Труднее всего ему было бороться с его собственным психофизическим устройством — с тем, что он называл своим психофизическим предназначением. Независимо от своей воли, инженер время от времени впадал в транс. К счастью, он чувствовал предвещающие симптомы и всегда вовремя успевал укрываться от человеческих глаз. Явления чаще всего происходили без участия зрителей. А это его как раз очень устраивало. У него не было никаких актерских амбиций, свойственных так называемым профессиональным медиумам. Злобную радость приносило ему то, что благодаря таким мерам предосторожности он перечеркивал планы потусторонних существ и не давал им использовать себя в качестве посредника между этим и тем светом. Ибо возникновение призраков из его телеплазмы он, в большинстве случаев, объяснял активным вмешательством бестелесного интеллекта.
Несмотря на это, некоторые проявления его медиумизма время от времени становились известны «ближайшему окружению», потому что иногда, после вызванного трансом кризиса, он неоднократно замечал любопытные, с примесью благоговения, взгляды.

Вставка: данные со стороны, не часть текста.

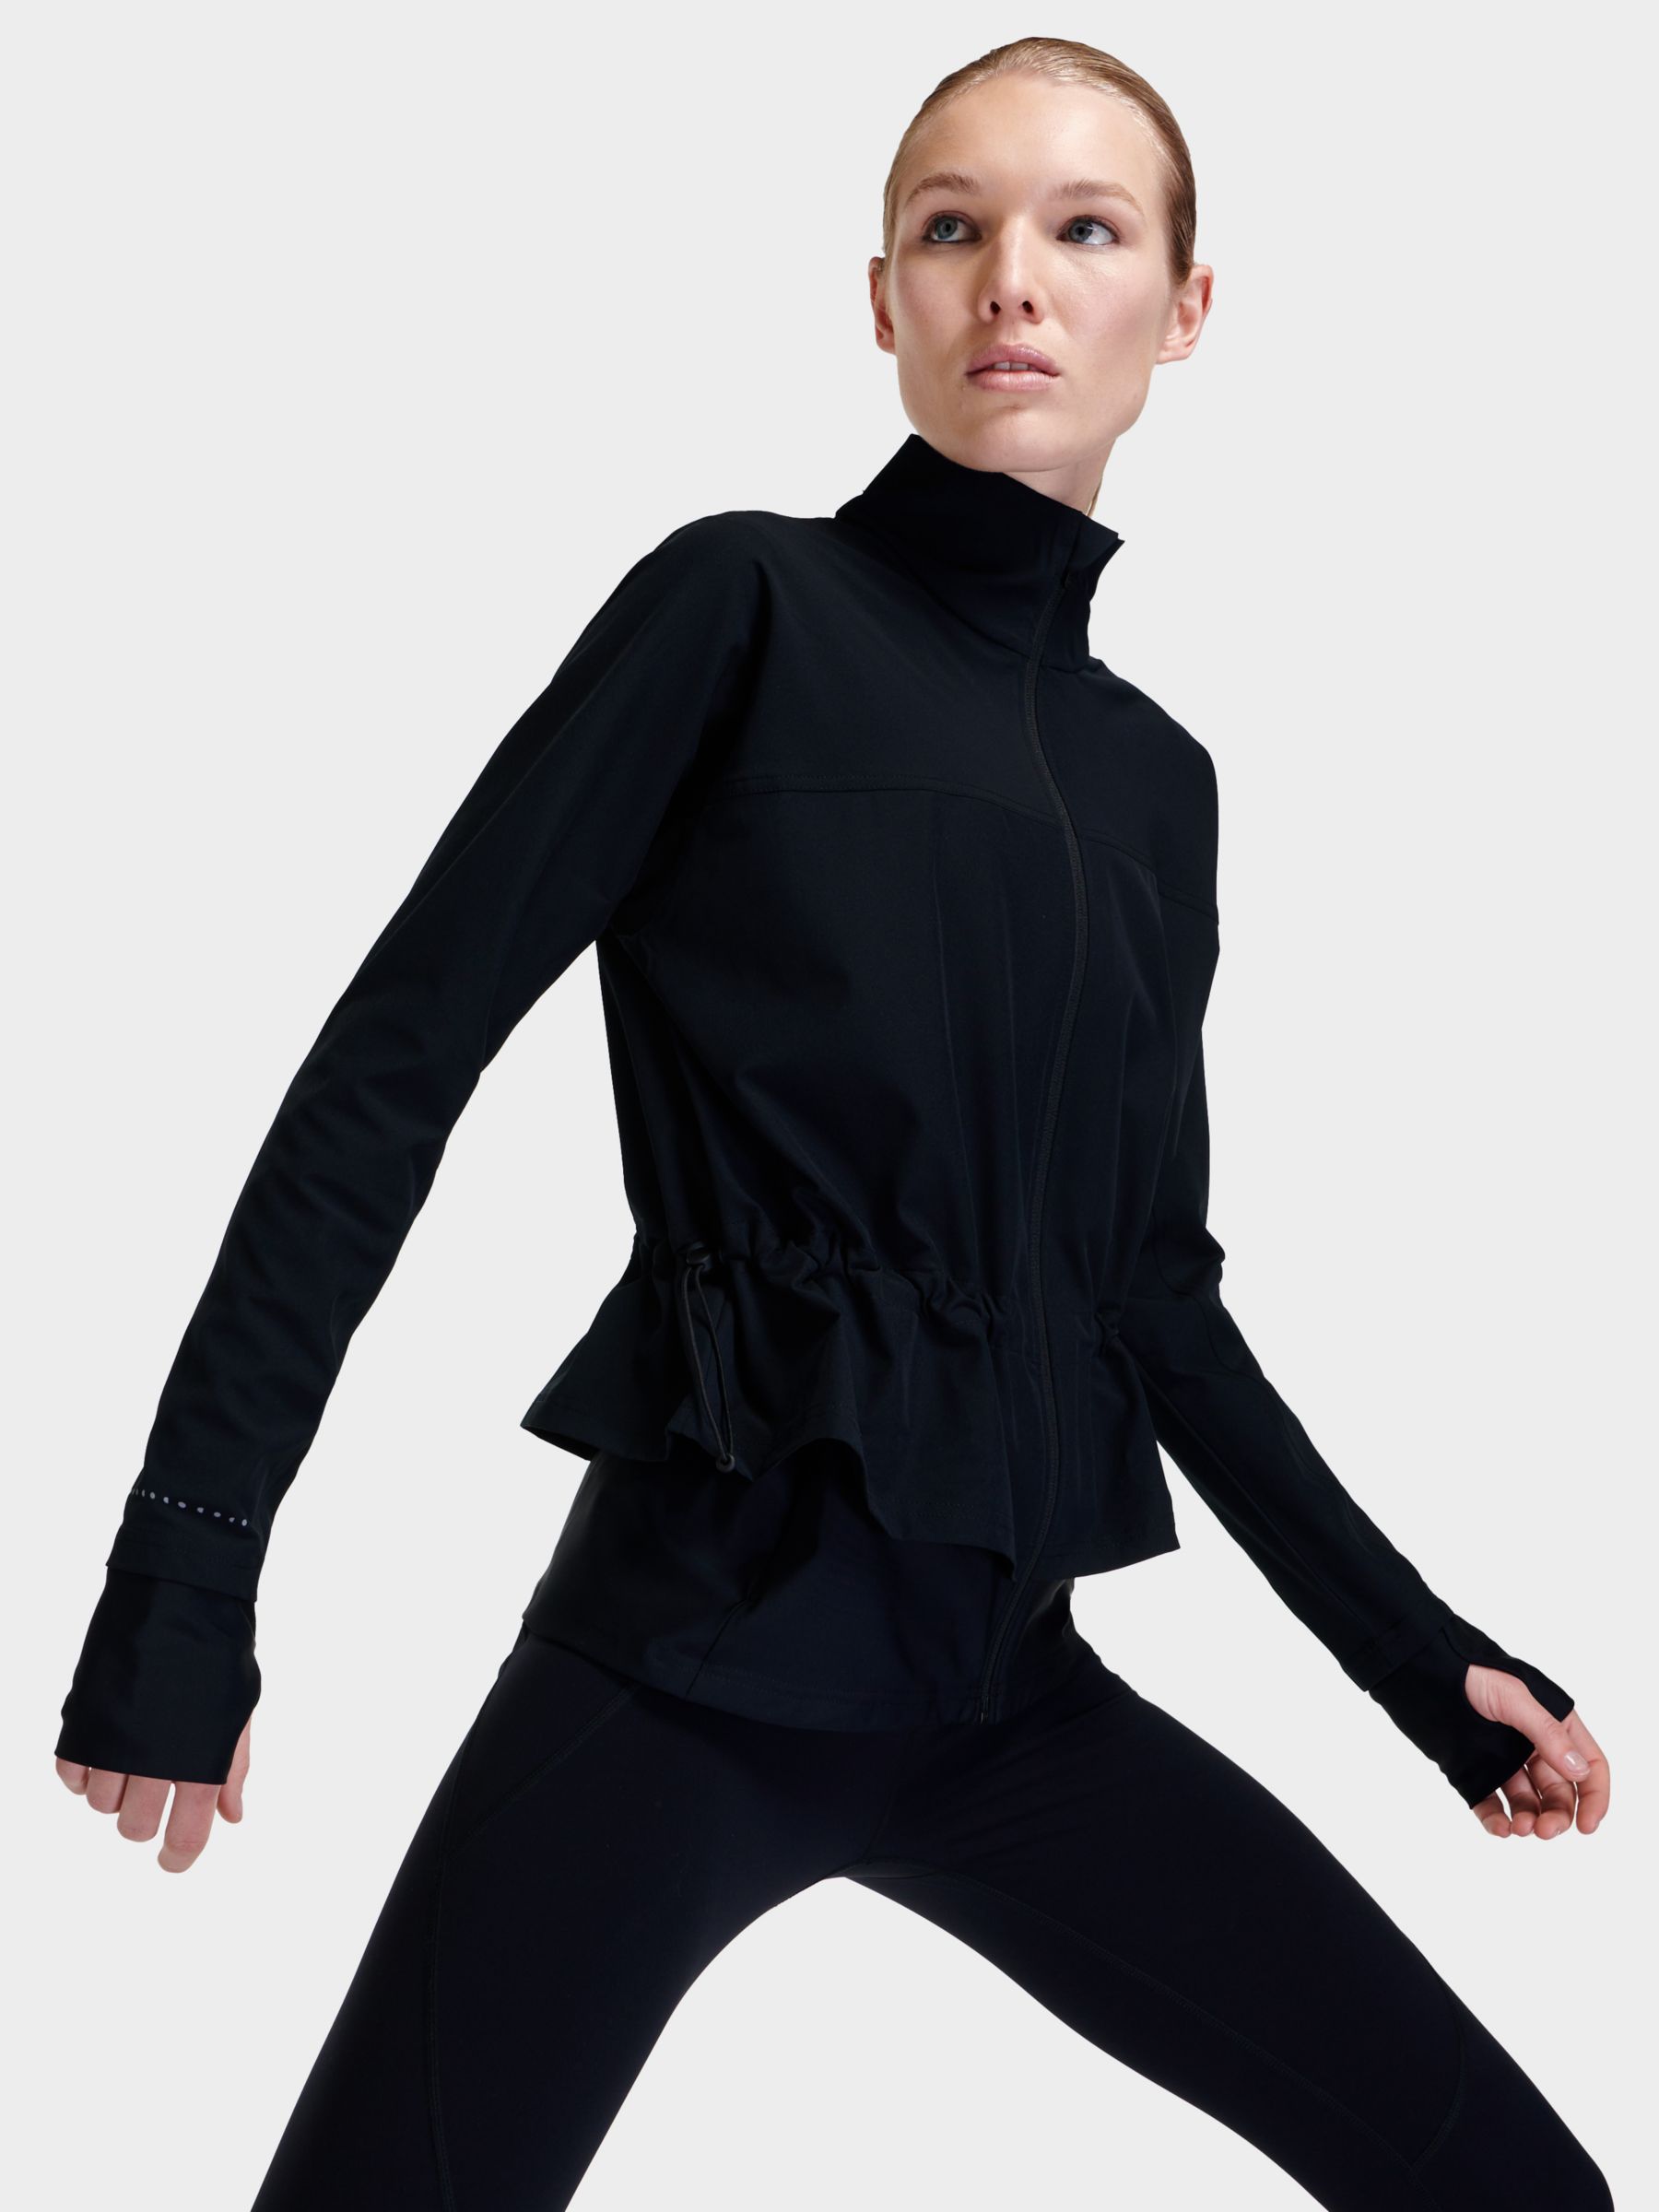 Black Mesh Zip Up Mock Turtleneck Activewear Jacket Tangerine Women's MEDIUM

Тогда он еще больше ожесточался и обещал себе, что в будущем удвоит бдительность. Самым действенным средством был бы, несомненно, переезд в другую местность, где он оказался бы личностью менее известной. Но на это Гневош не мог решиться. Его удерживали здесь могила и дом Кристины. Посещения кладбища и прогулки по Лесной улице были чем-то неотъемлемым, вошли в кровь и стали его «второй натурой». Без этого он не воображал свою жизнь. Его мечтательная душа, благодаря своей глубокой эмоциональности, была тесно связана с миром воспоминаний и символов.
В один из осенних вечеров он заметил, что не является единственным любителем прогулок по безлюдной улице. По тротуару, на противоположной стороне, прохаживалась молодая, светловолосая девушка в траурном платье. Ее присутствие раздражало его.

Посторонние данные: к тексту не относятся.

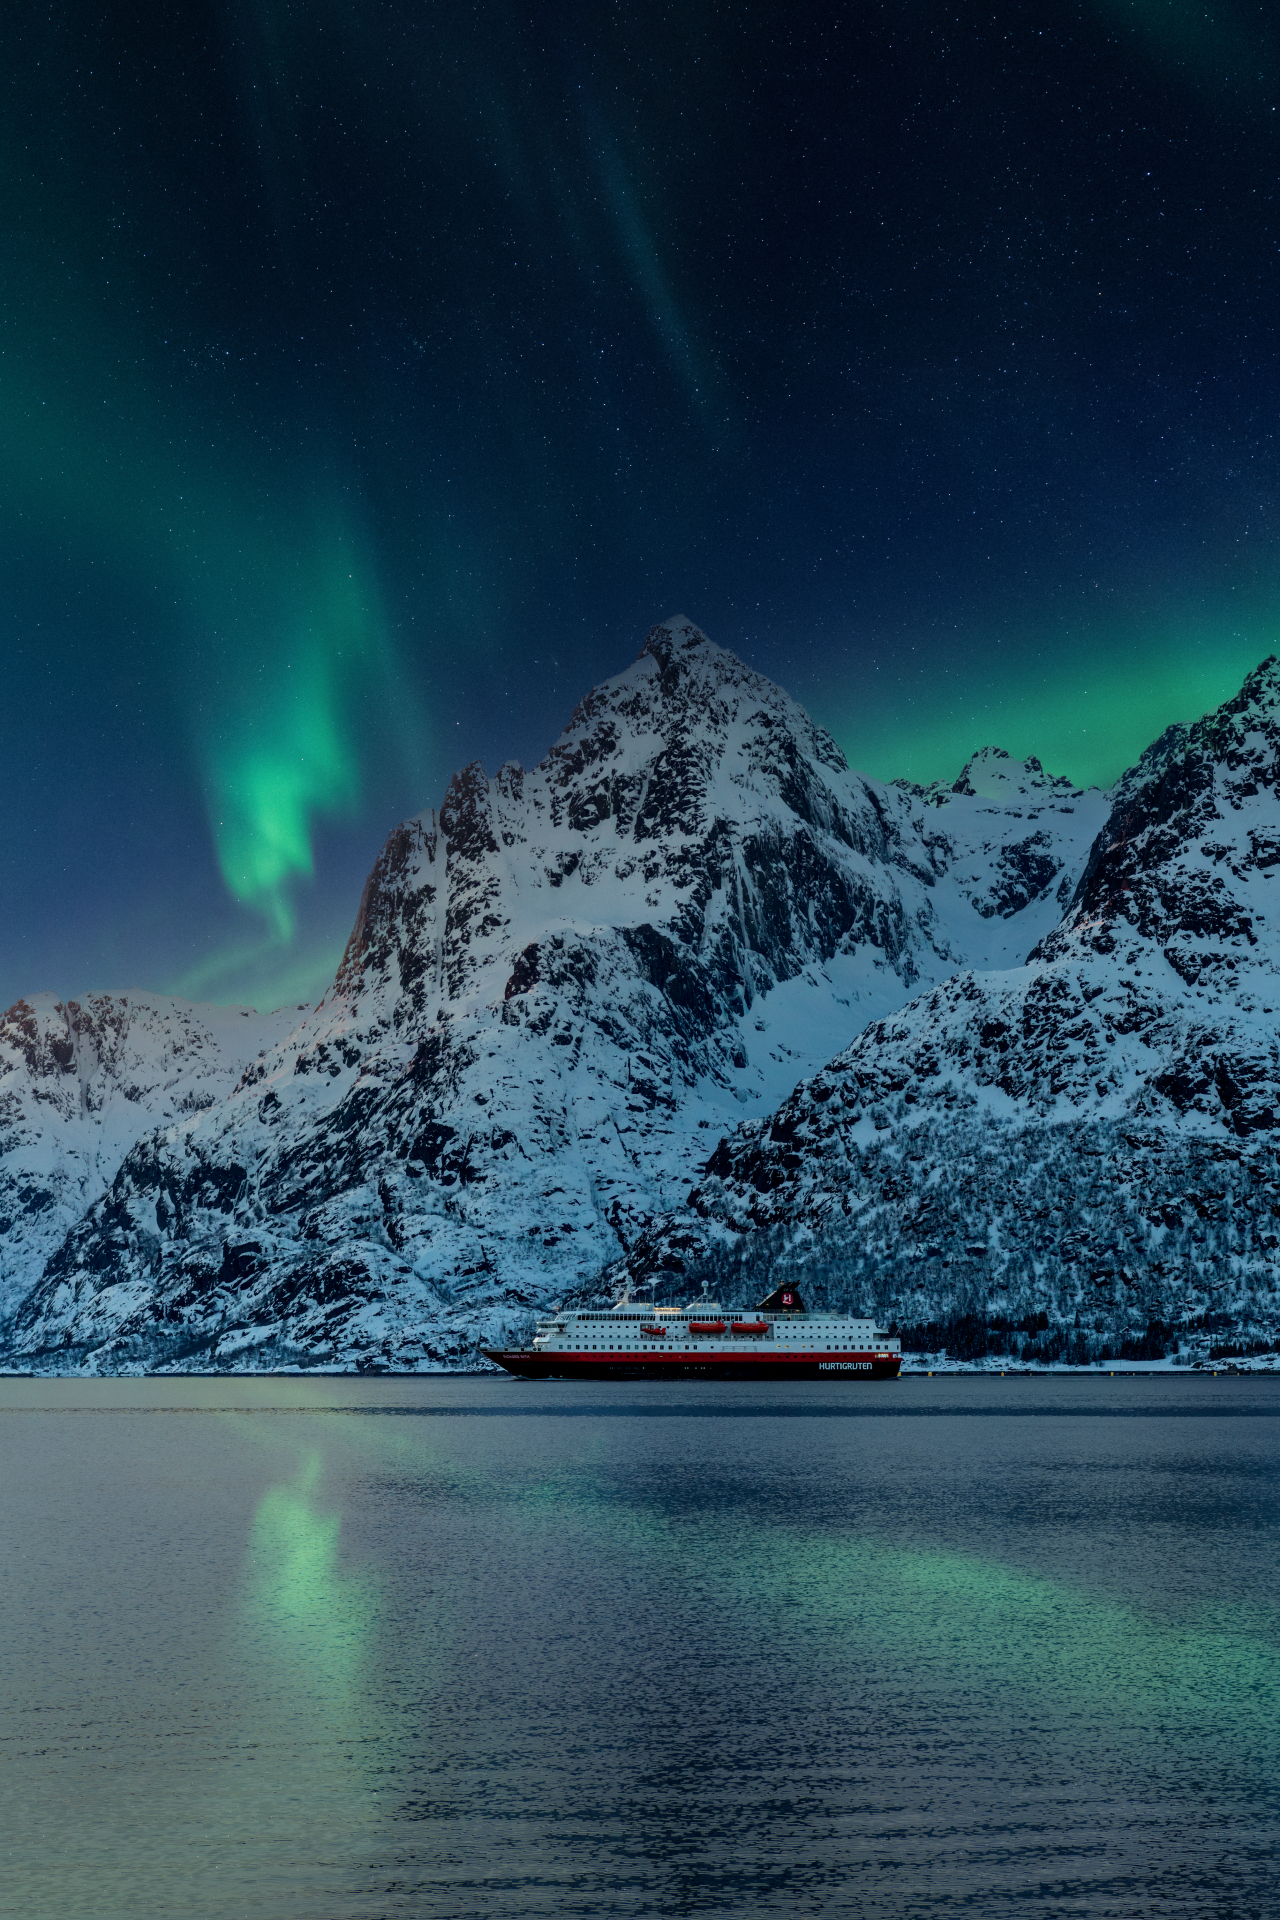 Le navire Hurtigruten sous une aurore boréale avec de hautes montagnes en arrière-plan.

«Наверное, какое-нибудь любовное свидание, — подумал он, окинув ее недружелюбным взглядом. — Не могла выбрать себе другое место!»
Свидания на Лесной улице он считал профанацией. Но его заинтриговала ее лицо — благородное, серьезное, отмеченное грустью. Он решил проверить свою догадку и украдкой стал за ней наблюдать. Она прошла вдоль всей липовой аллеи до конца, повернула назад и все тем же медленным, хотя и полным девичьего изящества шагом, прошлась на такое же расстояние в противоположном направлении — до перекрестка Лесной и Стежковой.
«Ждет жениха, — решил инженер. — Какого-то непунктуального нахала!»
Прошел час, второй — девушка не уходила. На ее лице не было ни тени раздражения. Спокойная и задумчивая, она, словно дух печали, двигалась между рядами желтеющих деревьев. А когда начали сгущаться сумерки, опустила черную, непроницаемую вуаль и медленно направилась в сторону города.
«Несостоявшееся свидание, — определил ситуацию Гневош. — Но, честно говоря, мне ее немого жаль. Этот ее приятель — или законченный негодяй, или идиот. Столько времени заставил ее напрасно ждать».
И, бросив печальный взгляд на виллу Кристины, он задумчиво побрел в сторону Стежковой.
На следующий день повторилось то же самое. Она была даже раньше его. Когда он пришел на Лесную, она уже гуляла по противоположной стороне улицы. И на этот раз никто ее не сопровождал и не присоединился к ней позже. Ушла как вчера — перед наступлением темноты.
— Может, она сумасшедшая? Интересно, заметила ли она меня?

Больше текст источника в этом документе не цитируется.